-------- Supplied data

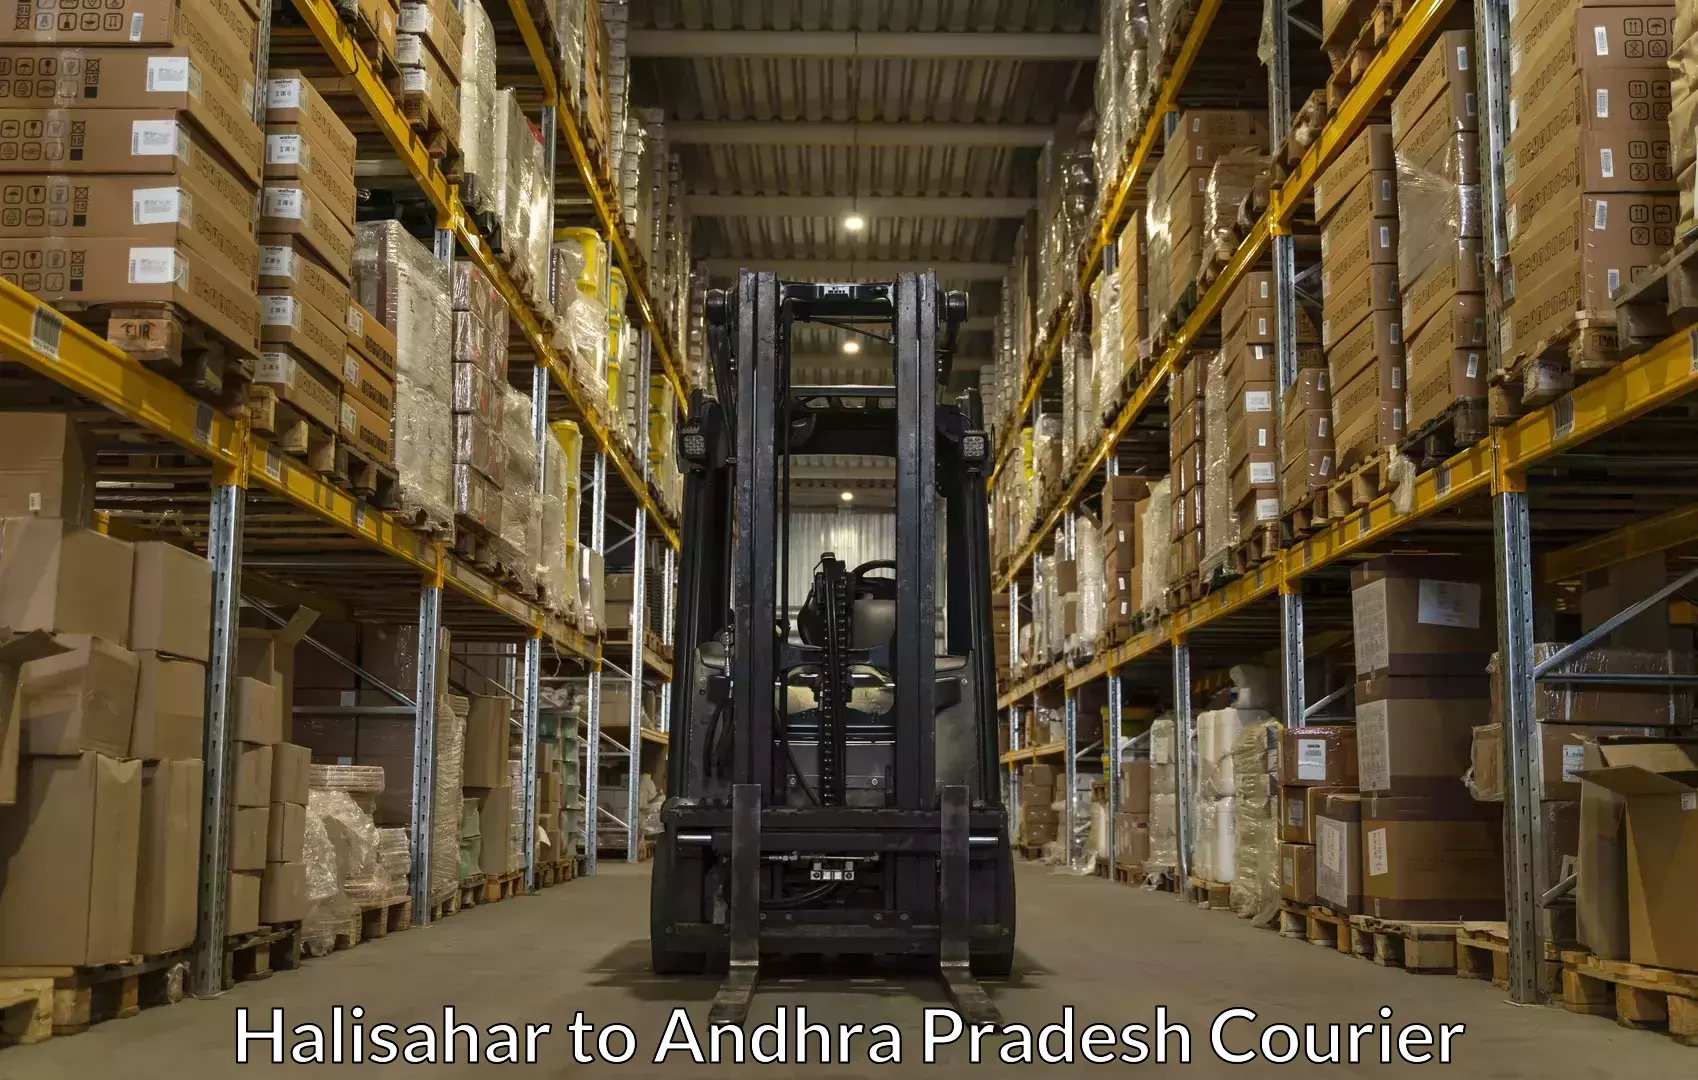 Baggage shipping experts Halisahar to Malikipuram
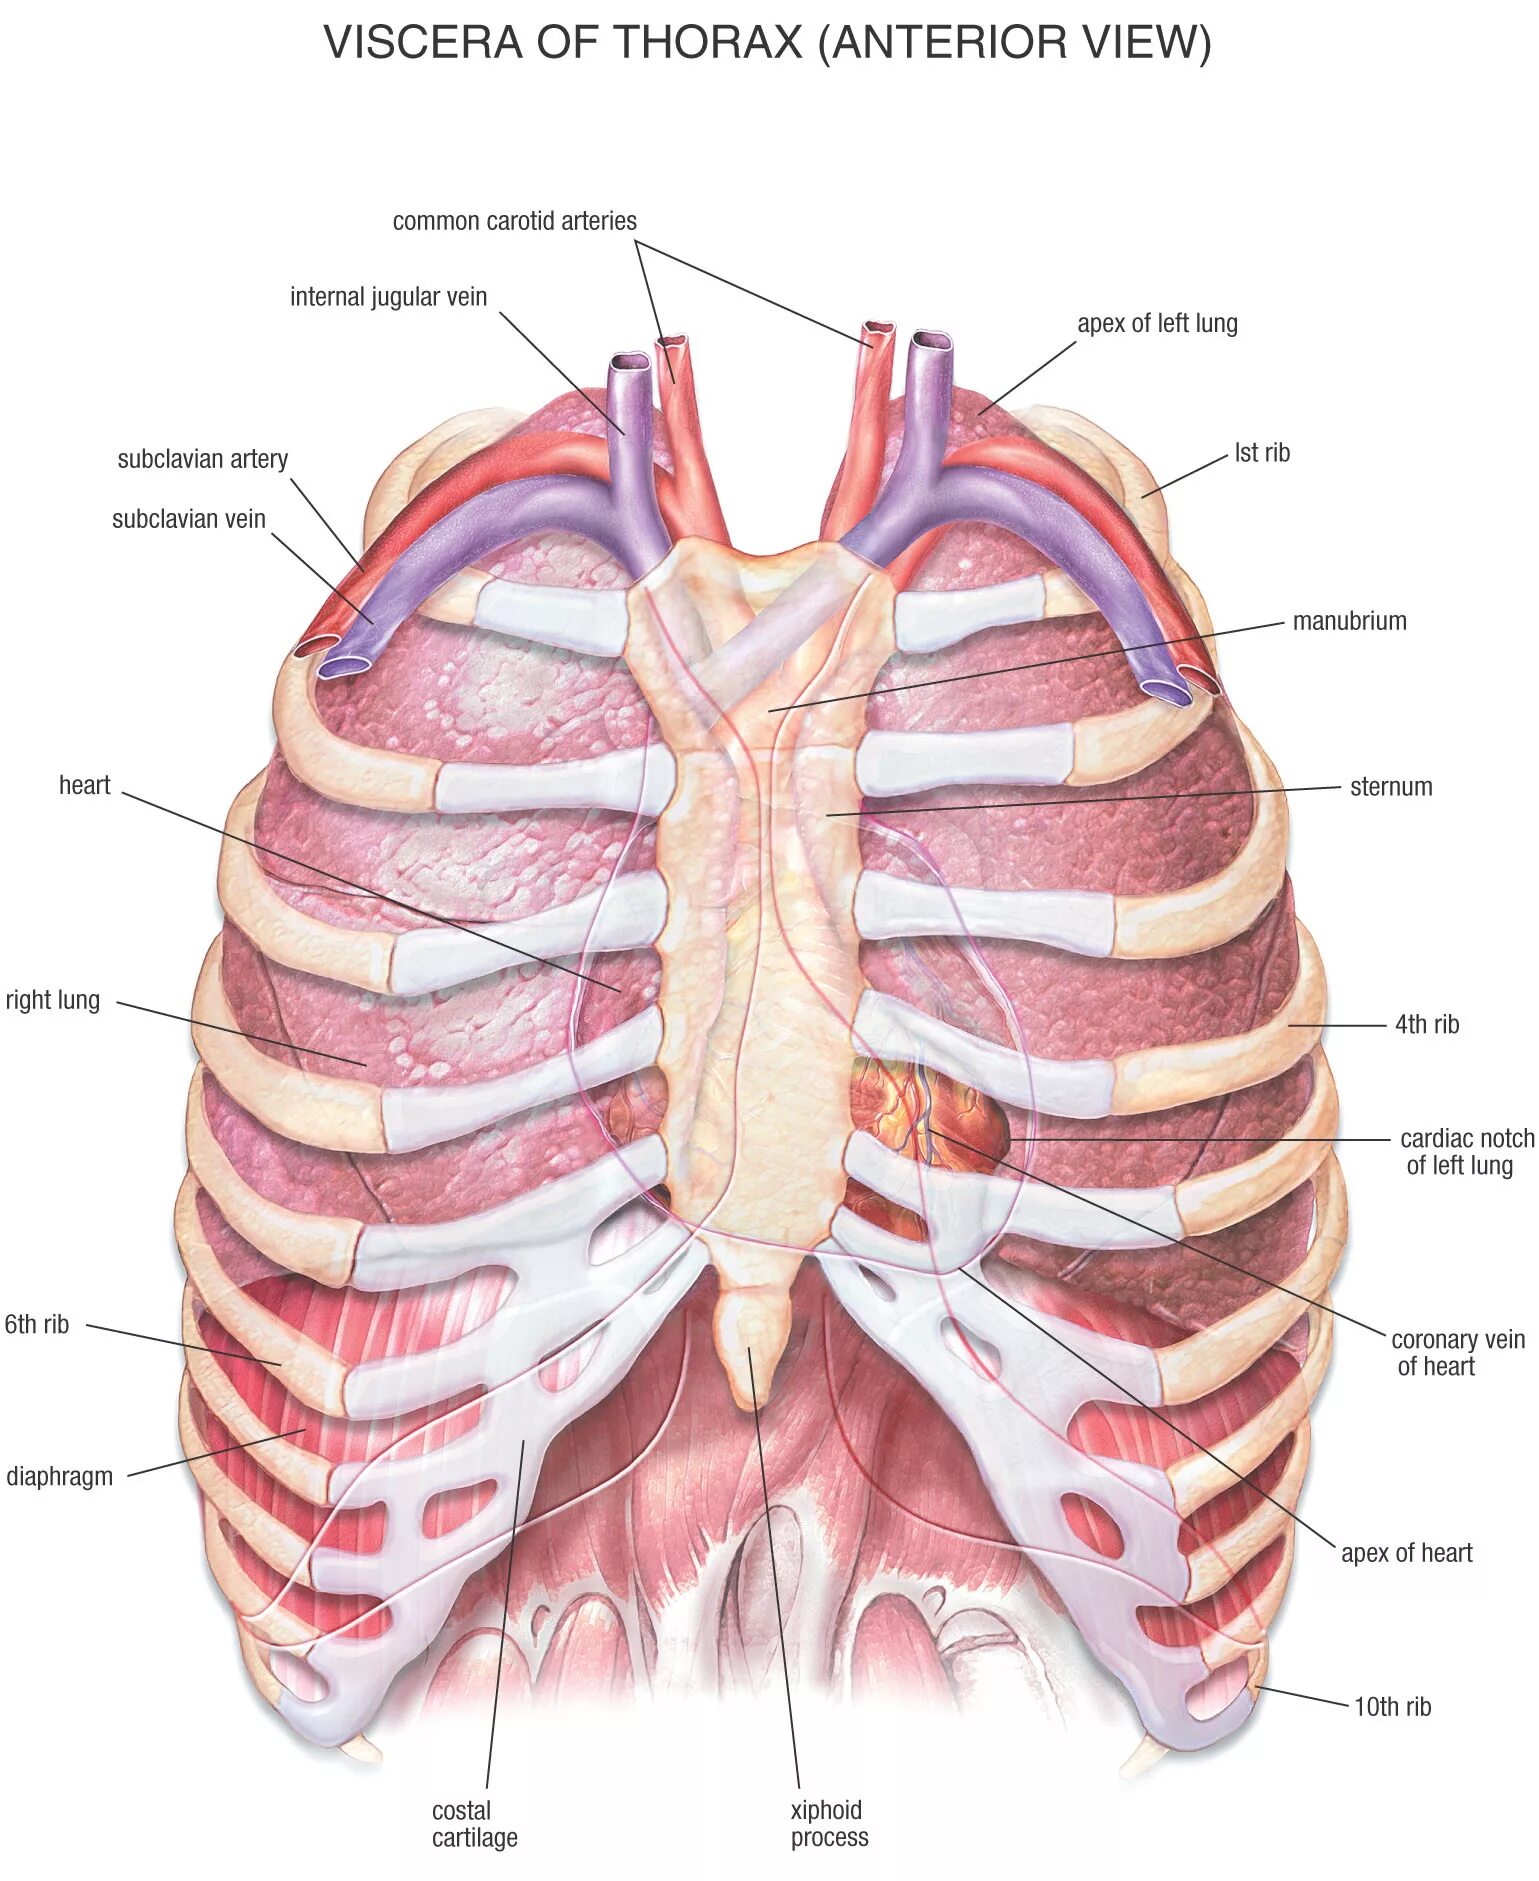 Органы человека с ребрами. Торакс анатомия. Анатомия органов грудной клетки. Анатомия органов грудины человека. Анатомическое строение грудной клетки.
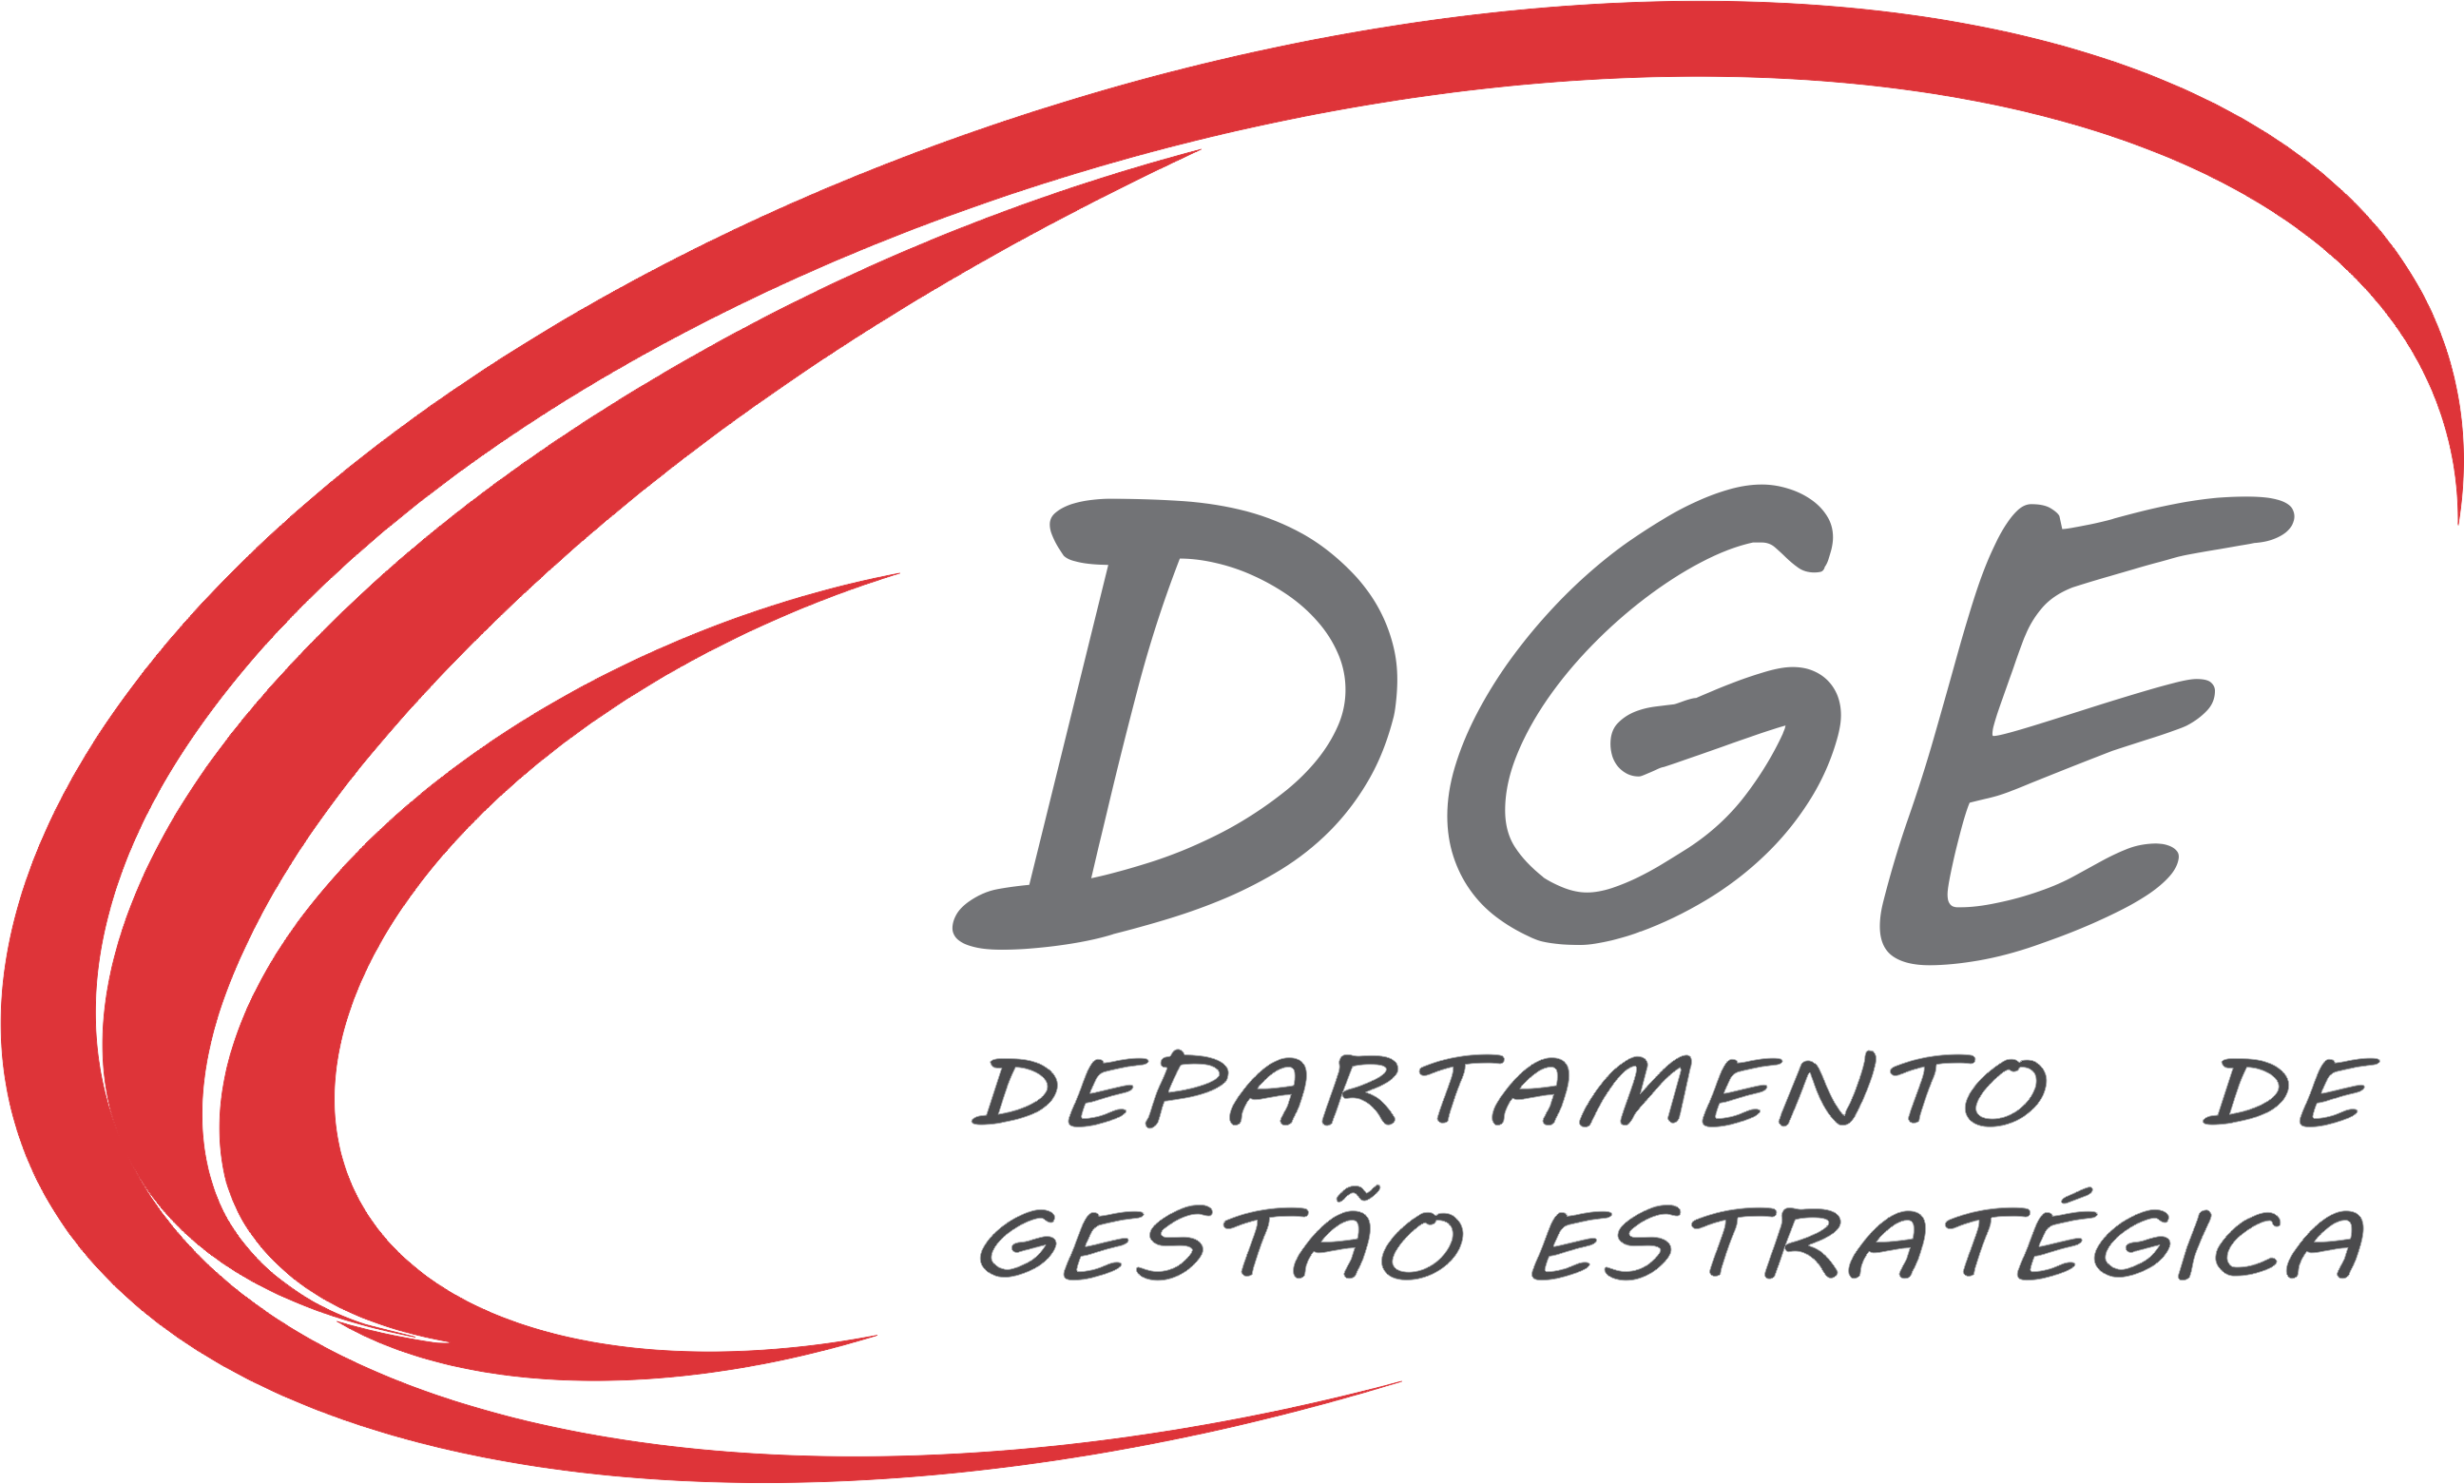 DGE logo agosto 2018

----------------

=== What you should do ===
Beginning with the line that holds "Органы человека с" and ending with the last line of the material above, extract every line exactly, pictures excluded.

=== Task answer ===
 Органы человека с ребрами. Торакс анатомия. Анатомия органов грудной клетки. Анатомия органов грудины человека. Анатомическое строение грудной клетки.
 DGE logo agosto 2018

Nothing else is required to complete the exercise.